# PSA subs vs. CHT subs



## punter45 (Apr 1, 2010)

I am looking to add a second sub-woofer in my HT loft area. The room is fairly large -- 35' x 15' x 8' (approx 4200 cubic feet). I currently have a Chase CS-18.2 and I really like the way it sounds and was thinking about adding a second one of those. However, after reading through a lot of the posts here, I am considering possibly adding a PSA XV30f sub. The subs would only be used for HT duty -- I have full-range speakers for music. I was wondering if anyone had heard both the Chase and PSA subs and could comment on how they compare.

Thanks.


----------



## tesseract (Aug 9, 2010)

Glad you could join us, punter45!

Both the PSA and Chase subs are fantastic performers for the money. Since you already have one 18.2 and like the way it sounds, getting another 18.2 would be the best way to build on what you already have and will have the potential to reach single digit frequency response.

You could try to integrate the ported PSA with the sealed Chase, but it might not work as well as just doubling up on what you have. The only possible issue I see would be aesthetics, as the newer SS-18.2 has both 18" woofers on a single 2" thick front baffle. No different than the PSA XV30f, though.
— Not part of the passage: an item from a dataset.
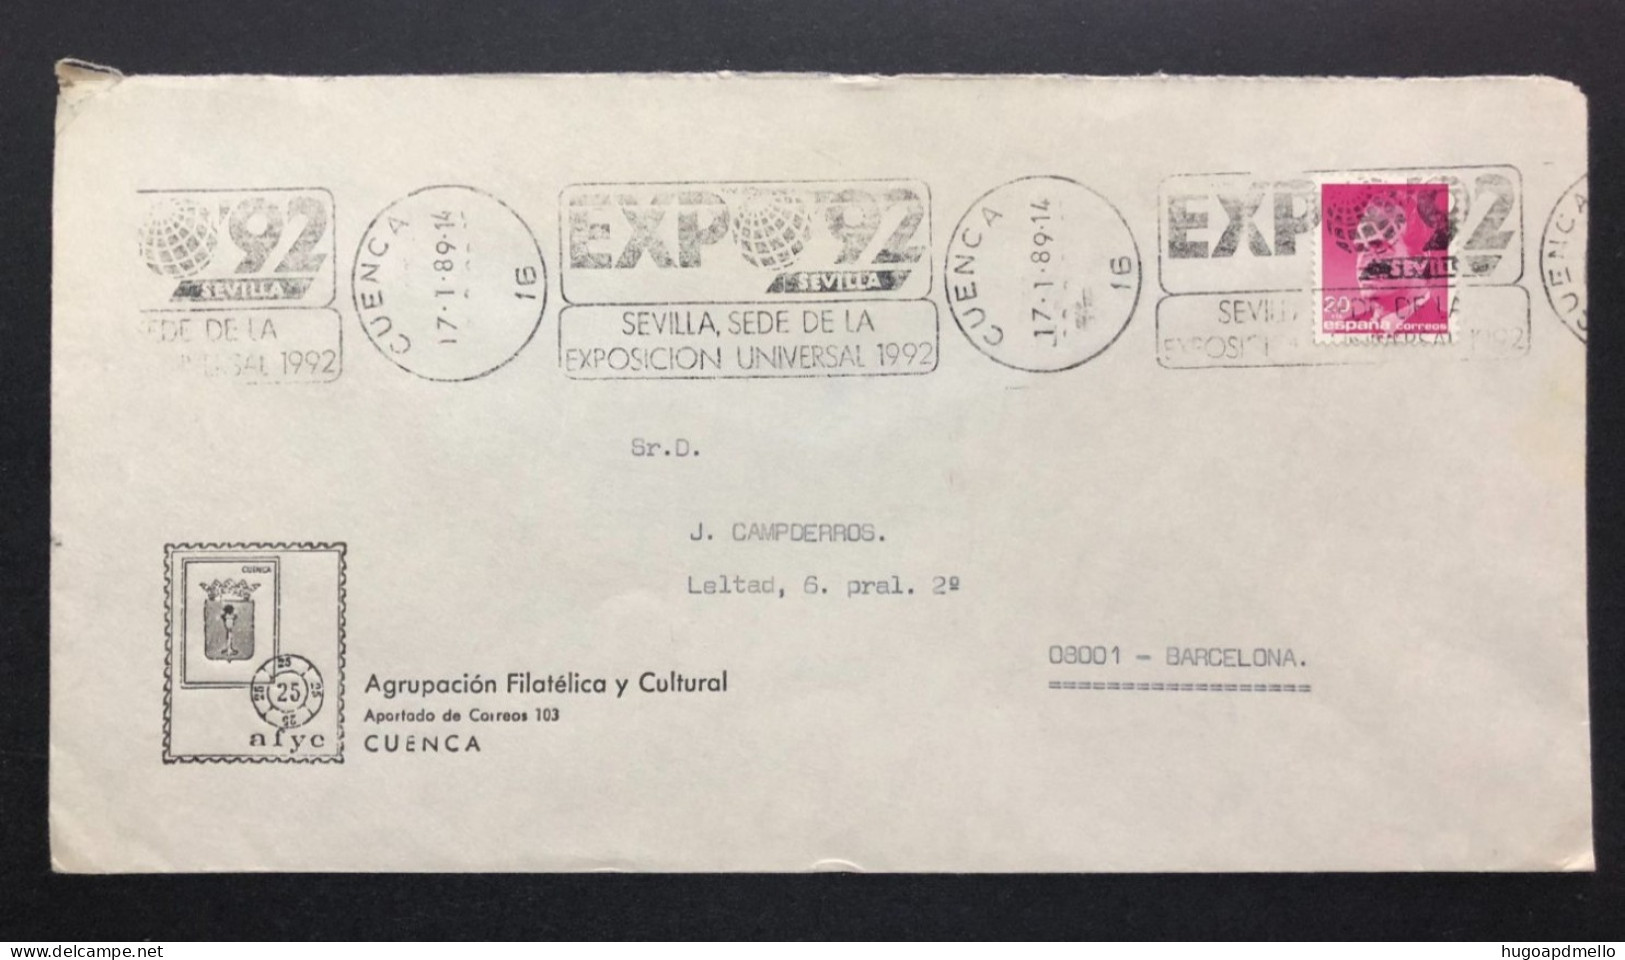 SPAIN, Cover With Special Cancellation « EXPO '92 », « CUENCA Postmark », 1989 - 1992 – Séville (Espagne)

You are probably aware there is a new amp, the MQ-600, that is available. The MQ-600 reaches down to 5 Hz and will drive a pair of 18.2 subs with ease. Discounted $100 if you already own a Chase sub. It does require an AVR with a bass management system.

If you have the Dayton SA1000 amp, you could recoup some of the cost of the MQ-600, as they are selling pretty quickly in the Classifieds section. Plus, you wouldn't have to buy a second SA1000 for the new SS-18.2, so really the cost of the MQ-600 is negligible.


----------



## raynist (Aug 16, 2011)

punter45 said:


> I am looking to add a second sub-woofer in my HT loft area. The room is fairly large -- 35' x 15' x 8' (approx 4200 cubic feet). I currently have a Chase CS-18.2 and I really like the way it sounds and was thinking about adding a second one of those. However, after reading through a lot of the posts here, I am considering possibly adding a PSA XV30f sub. The subs would only be used for HT duty -- I have full-range speakers for music. I was wondering if anyone had heard both the Chase and PSA subs and could comment on how they compare.
> 
> Thanks.


As much as I love the PSA subs and the incredible service that Tom and Jim at PSA provide, you may be better off buying a matching sub. 

PSA does have several sealed subs though that may work. You could always email Tom. He will steer you in the right direction, even if that is not in the direction of his subs.


----------



## ALMFamily (Oct 19, 2011)

Adding my 2 cents, I would also go with a matching sub. I have two PB-13 Ultras, and sealed them to mesh better when I purchased my PSA XS30.


----------